# CS224n: NLP with Deep Learning

# Lecture 7: Vanishing Gradients and Fancy RNN

---

## Vanishing Gradient Problem

### Intuition

* When the gradients $\frac{\partial {h^{(i)}}} {\partial h^{(i-1)}}$ are small,  
the overall gradient is going to get smaller and smaller, as we go backwards

![Lecture07_Vanishing_Gradient_Intuition.png](attachment:Lecture07_Vanishing_Gradient_Intuition.png)

* If the largest eigenvalue of $W_{h}$ is < 1:  
the gradient will shrink exponentially

→ Vanishing gradient !

### Proof Sketch

![Lecture07_Vanishing_Gradient_Proof_1.png](attachment:Lecture07_Vanishing_Gradient_Proof_1.png)

![Lecture07_Vanishing_Gradient_Proof_2.png](attachment:Lecture07_Vanishing_Gradient_Proof_2.png)

**But why is this a problem?**

* The gradient from steps far away will be much smaller than gradients from close-by

→ The weights will only be updated with respect to close effects, not long-term !

![Lecture07_Vanishing_Gradient_Problem.png](attachment:Lecture07_Vanishing_Gradient_Problem.png)

**Remark:**

* We are studying $\frac{\partial {J}} {\partial h^{(i-1)}}$ because we have to calculate it to get  $\frac{\partial {J}} {\partial W}$

#### Effect on RNN-LM

* Incapability of learning long-distance dependencies

* Syntactic recency (correct):  
Making dependencies to words close **in their syntax**
* Sequential recency (incorrect):  
Making dependencies to words close **spatially**

Unfortunately, RNN-LMs are better at learning sequential recency than syntactic recency:  
(see example below)

![Lecture07_Vanishing_Gradient_Example.png](attachment:Lecture07_Vanishing_Gradient_Example.png)

### Exploding Gradient Problem

* If our gradient is too big, the update term for our parameter becomes too big

→ Take update steps too large, and get stuck in a local optimum

→ Get **Inf** or **Nan** values

**Solution**: Gradient clipping

* Scale down gradients that are higher than some thereshold

## LSTM

* Reason to exist = To solve the vanishing gradient problem

* A RNN with ability to learn / preserve information from many timesteps ago  

What about a RNN with separate memory?

### Structure

For each step $t$:
* a hidden state $h^{(t)}$: $(n,1)$
* a cell state $c^{(t)}$: $(n,1)$  
Stores long-term information

LSTM can erase, write and read information from cell!  

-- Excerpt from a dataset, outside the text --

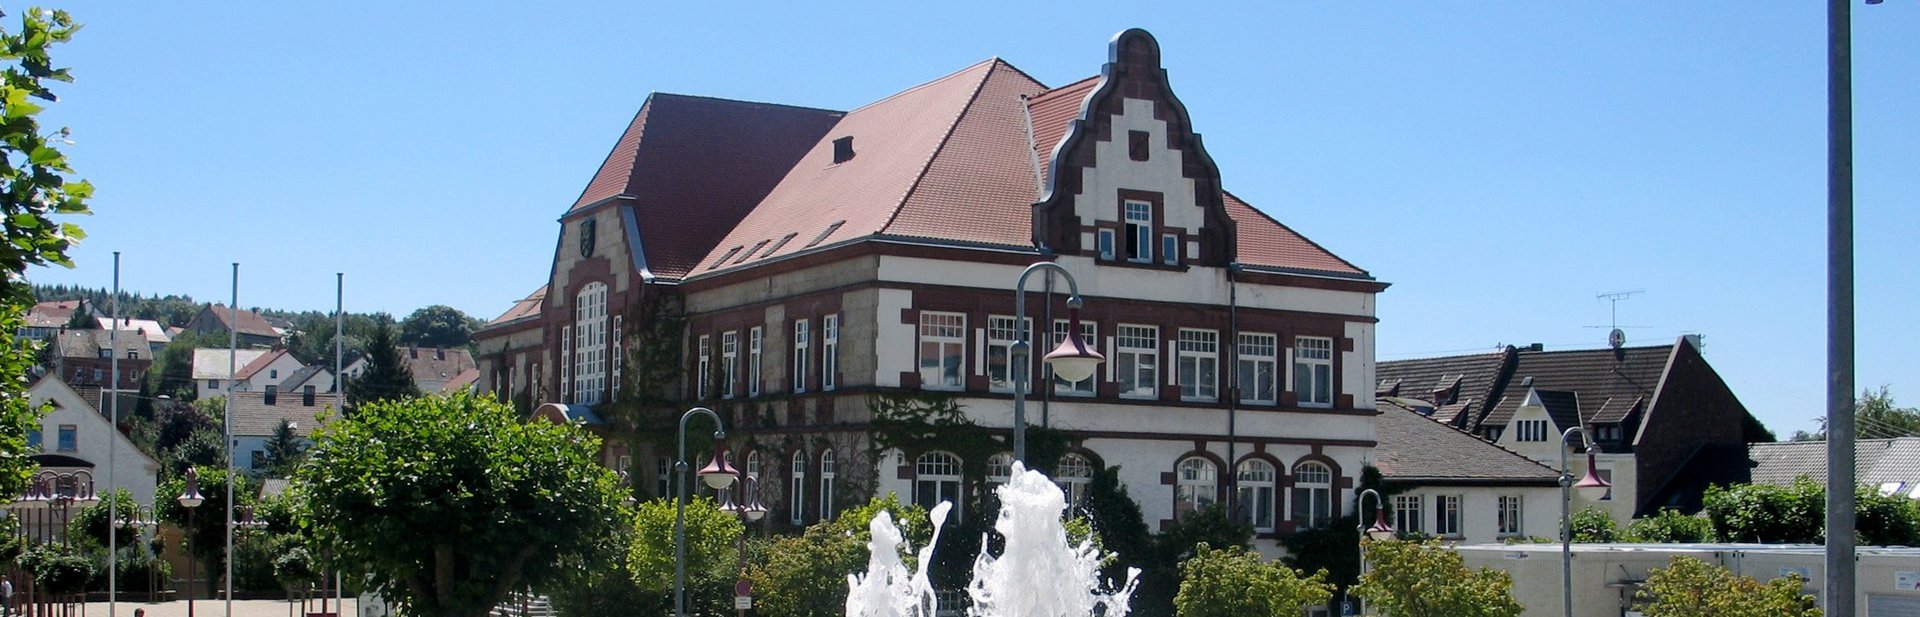 Ortsteil_Friedrichsthal_Rathaus

This is done using gates of length $n$, whose values are in $[0,1]$, thanx to our **sigmoid** friend:
* 1: open gate
* 0: closed gate

![Lecture07_LSTM_Equations.png](attachment:Lecture07_LSTM_Equations.png)

Cell state $c^{(t)}$ is the sum of:
* previous cell state, masked by our forget gate
* our new cell, masked by our input gate

We can think of the hidden states as the ouput of the RNN

* These cell states ~ general memory, generally not accessible from the outside
* The hidden states will be passed on to the model

![Lecture07_LSTM_Diagram_1.png](attachment:Lecture07_LSTM_Diagram_1.png)

![Lecture07_LSTM_Diagram_2.png](attachment:Lecture07_LSTM_Diagram_2.png)

It is possible to set the forget gate so that the LSTM remembers everything from each time step

/!\\ We could still have vanishing/exploding gradients, even when using LSTMs !

* With RNN, the hidden states were a bottleneck:  
all gradients have to pass through them !!

* With LSTM, we can view the cell as a shortcut connection  
THere is a potential route within the cell that doesn't make the gradient vanish !

### Applications

* Handwriting recognition
* Speech recognition
* Machine translation
* Parsing
* Image captioning

However, more recently, Transformers seem to have taken over ! !

![Lecture07_Transformers_Optimus_Decepticon_small.jpg](attachment:Lecture07_Transformers_Optimus_Decepticon_small.jpg)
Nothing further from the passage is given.